Crude Summit: Hess warns energy investments too low
The global oil and gas industry is facing long-term underinvestment, posing a growing challenge to meet future energy demand, Hess chief executive John Hess said today.
Investments made now will help meet future demand as energy projects have a long lead time. But five years of a bear market and a new focus on investor returns has cut global capital spending to about $420bn a year, well short of the $600mn needed annually to meet demand, the head of the US independent said in a keynote address to the Argus Americas Crude Summit in Houston, Texas.
"There has been a big shift in investor sentiment, from drill baby drill to show me the money," Hess said.
The investment community is focused on returns because energy share prices fell amid a broader equity rally. Crude prices ended 25pc higher last year, but the index of US independent E&P companies declined by 10pc, Hess said. Shale producers, which were the "darlings four to five year ago" because of their growth have fallen out of favor as investors lose confidence in their ability to generate returns.

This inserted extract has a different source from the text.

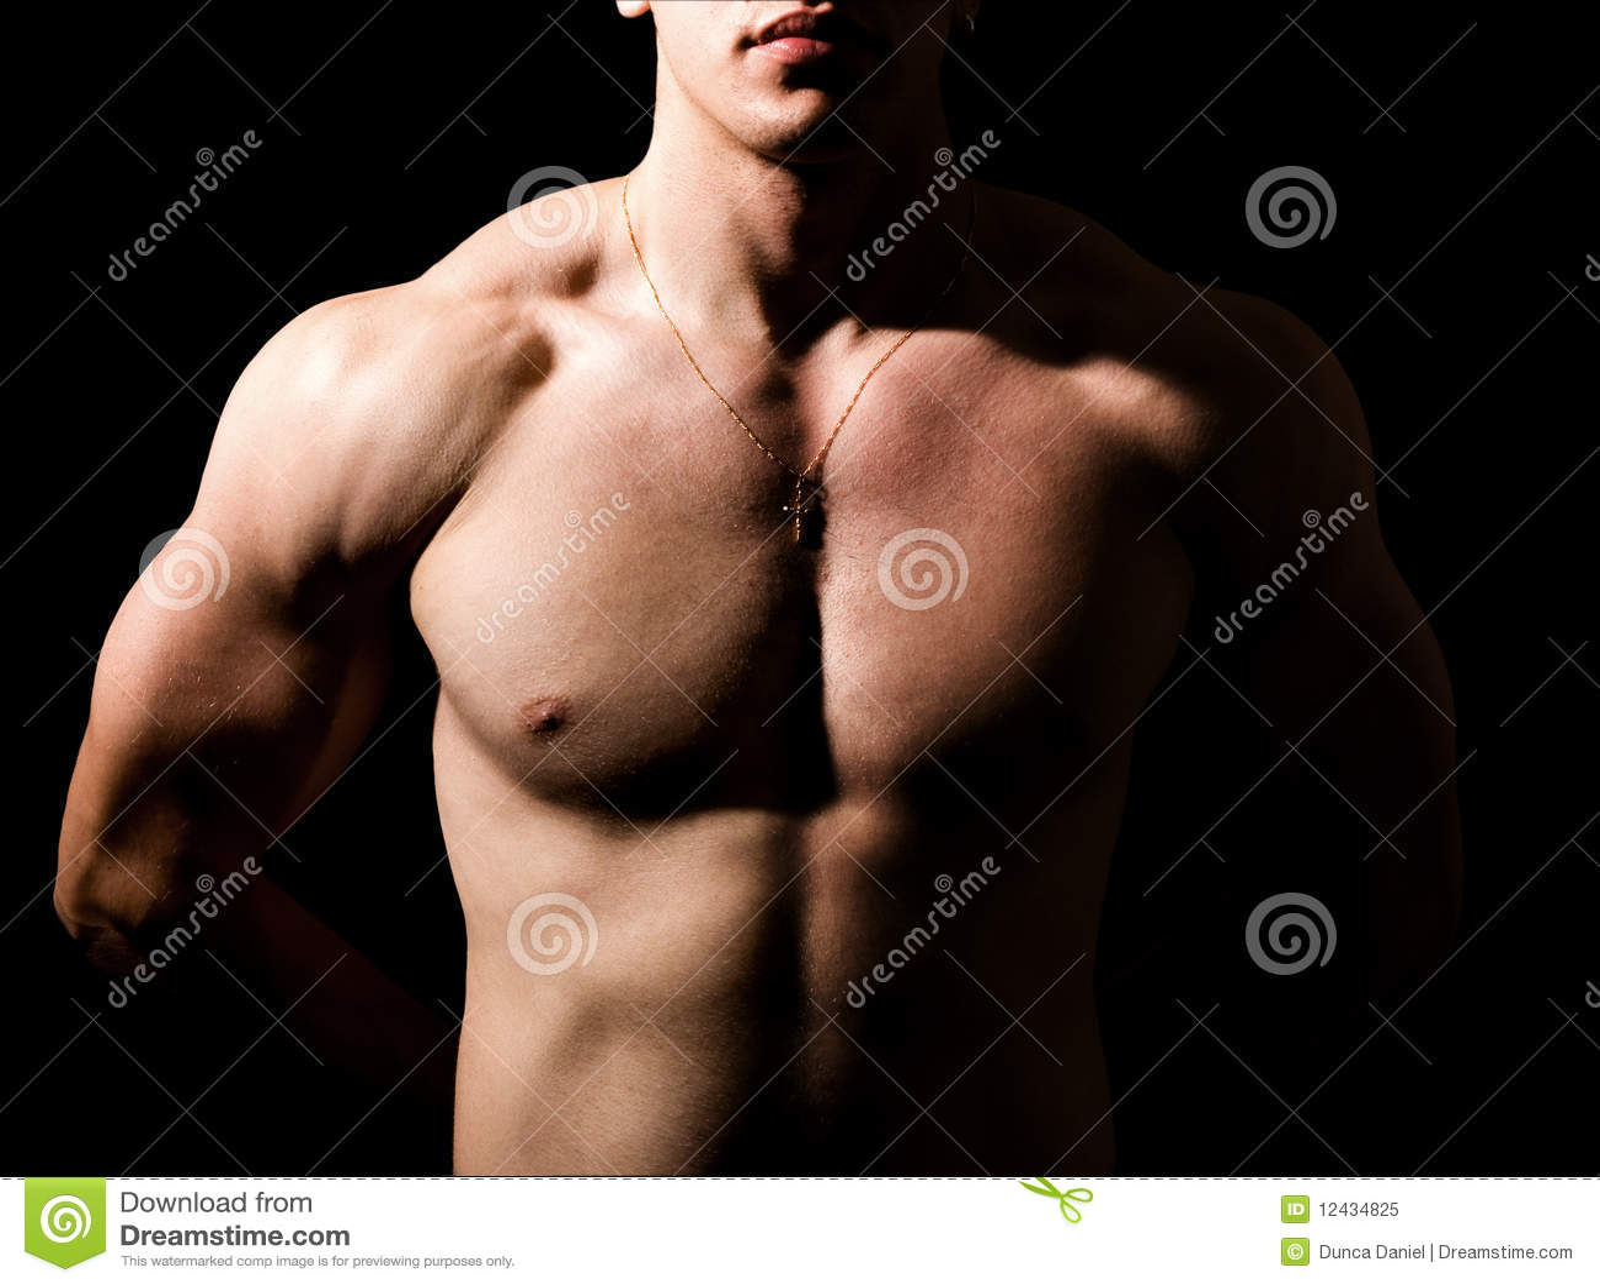 без рубашки темного человека тела мышечное сексуальное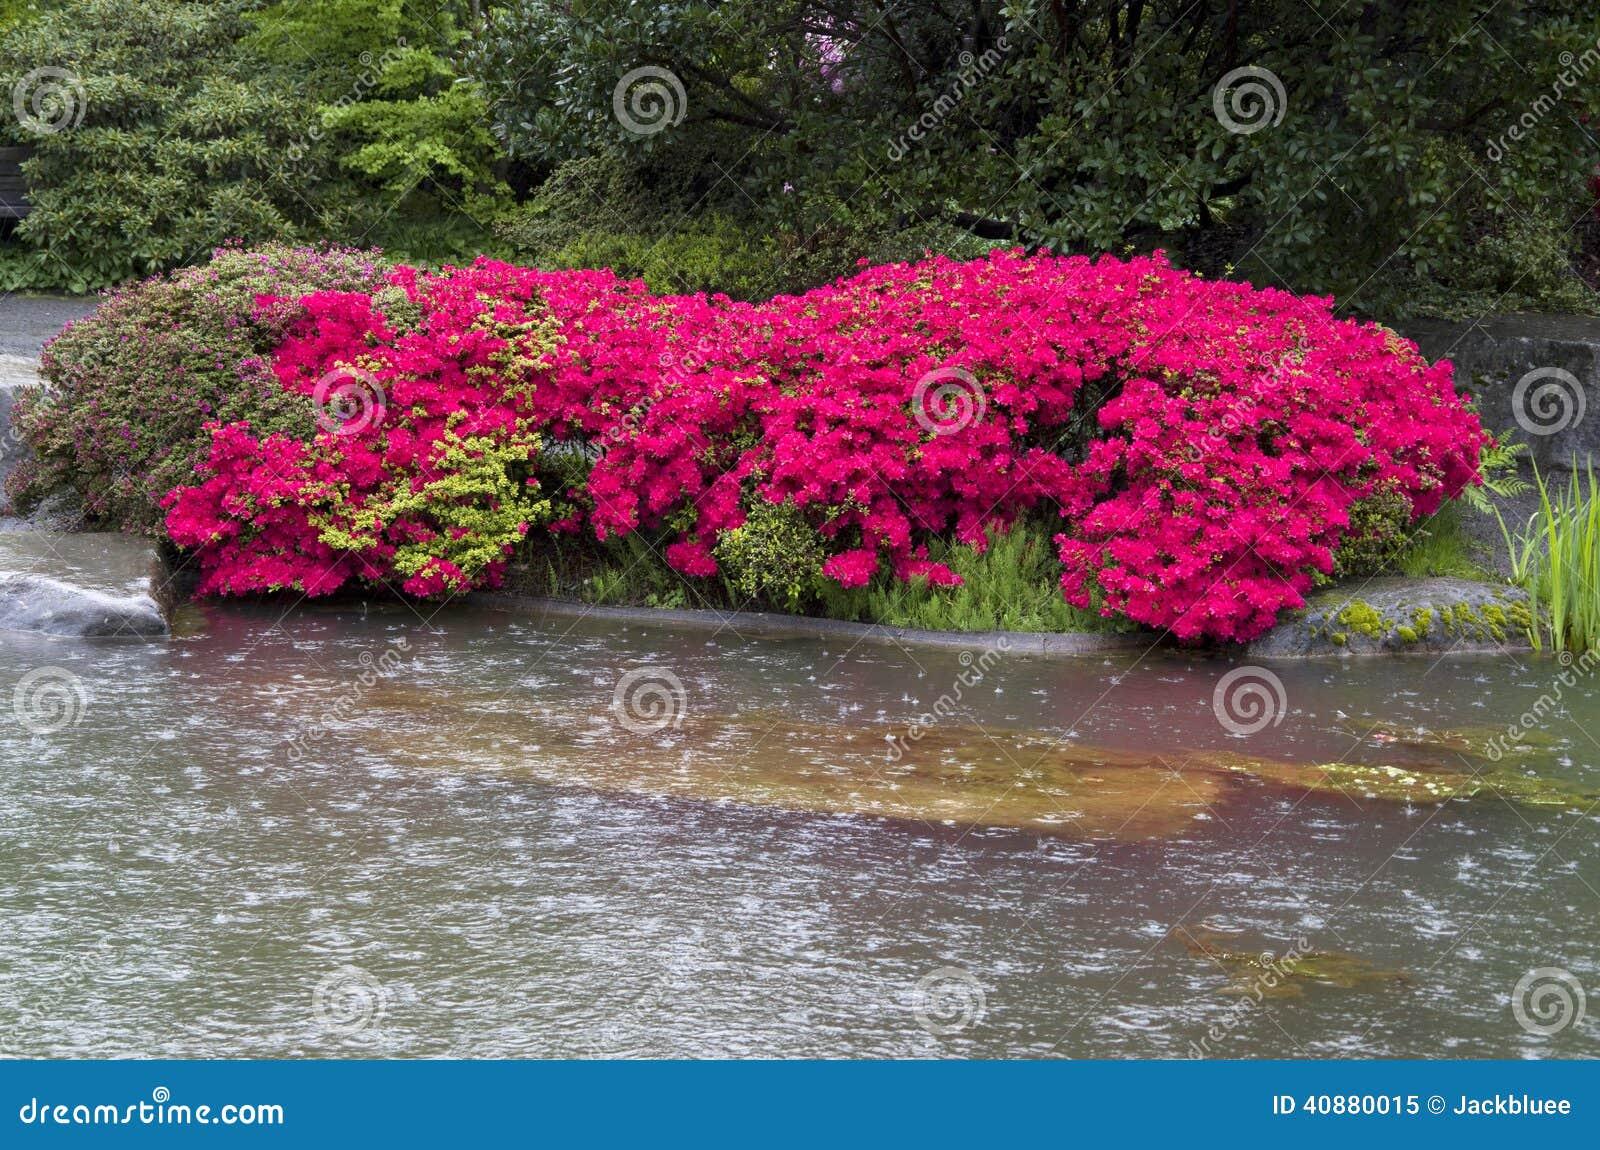 Flower rain pond garden stock photo image 40880015 for Garden pond design software free download

The US shale industry witnessed an unsustainable rate of growth because of the large sums of money it attracted from both public and private investors amid low crude prices. Between 2015 and 2017, when oil prices were around $40-$55/bl, shale producers got $60bn of investment from the market and another $20bn from private equity investors. That resulted in shale output booming, something producers would not have achieved solely from cash flows.
Investors now realize the industry was growing too fast, that imposing financial discipline on companies is healthy, Hess said. As a result, the US rig count is down by 25pc and shale oil output should grow by about 500,000 b/d this year.
"I think it is a more sustainable rate," Hess said. "Shale is being recalibrated in investors eyes, and really what shale oil and gas companies have to do is win back the hearts and minds of investors."
Hess said he is optimistic about the changes the industry is going through, but said more work needs to be done by both shale operators and the broader oil and gas industry to win back investors.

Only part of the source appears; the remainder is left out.